The transportation sector accounts for about 25% of global greenhouse gas emissions. Therefore, an improvement of energy efficiency in the traffic sector is crucial to reducing the carbon footprint. Efficiency is typically measured in terms of energy use per traveled distance, e.g. liters of fuel per kilometer. Leading factors that impact the energy efficiency are the type of vehicle, environment, driver behavior, and weather conditions. These varying factors introduce uncertainty in estimating the vehicles' energy efficiency. We propose in this paper an ensemble learning approach based on deep neural networks (ENN) that is designed to reduce the predictive uncertainty and to output measures of such uncertainty. We evaluated it using the publicly available Vehicle Energy Dataset (VED) and compared it with several baselines per vehicle and energy type. The results showed a high predictive performance and they allowed to output a measure of predictive uncertainty.
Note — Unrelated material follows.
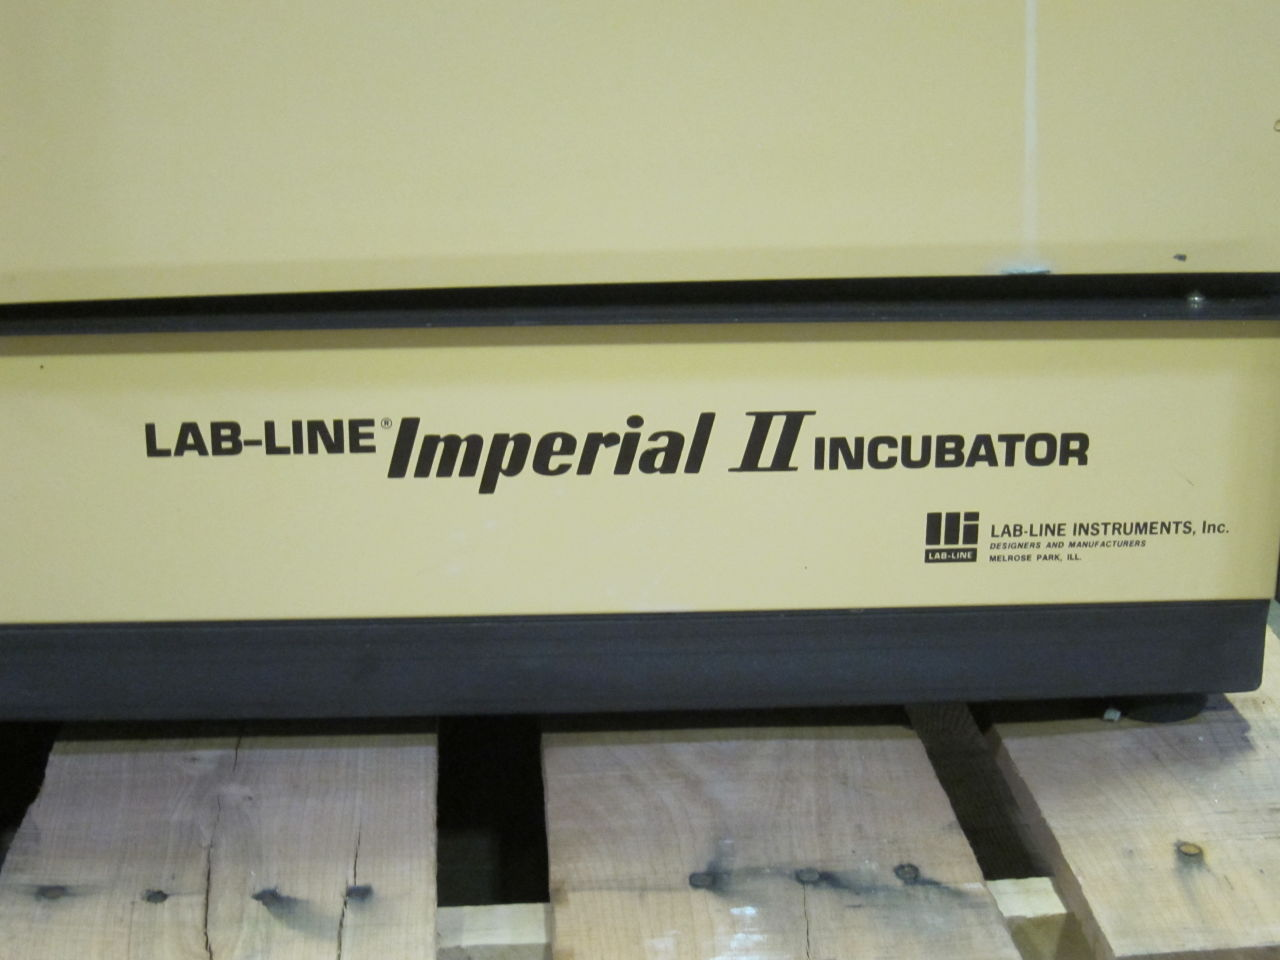 LAB-LINE Imperial II Incubator

翻译:基于神经网络集成的智能汽车能源效率不确定性预测
交通领域约占全球温室气体排放的25%。因此,提高交通工具的能源效率对于减少碳足迹至关重要。能源效率通常以能源消耗与行驶距离的比率来衡量,例如每公里燃料消耗的升数。影响能源效率的主要因素是车辆类型、环境、驾驶行为和天气条件。这些不同的因素会为车辆的能源效率评估引入不确定性。我们在本文中提出了一种基于深度神经网络集成学习方法(ENN)的预测方法,旨在减少预测的不确定性并输出此类不确定性的度量。我们使用公开可用的车辆能源数据集(VED)进行评估,并针对每种车辆和能源类型进行了多个基线的比较。结果表明了高效的预测表现,并允许输出有关预测不确定性的度量。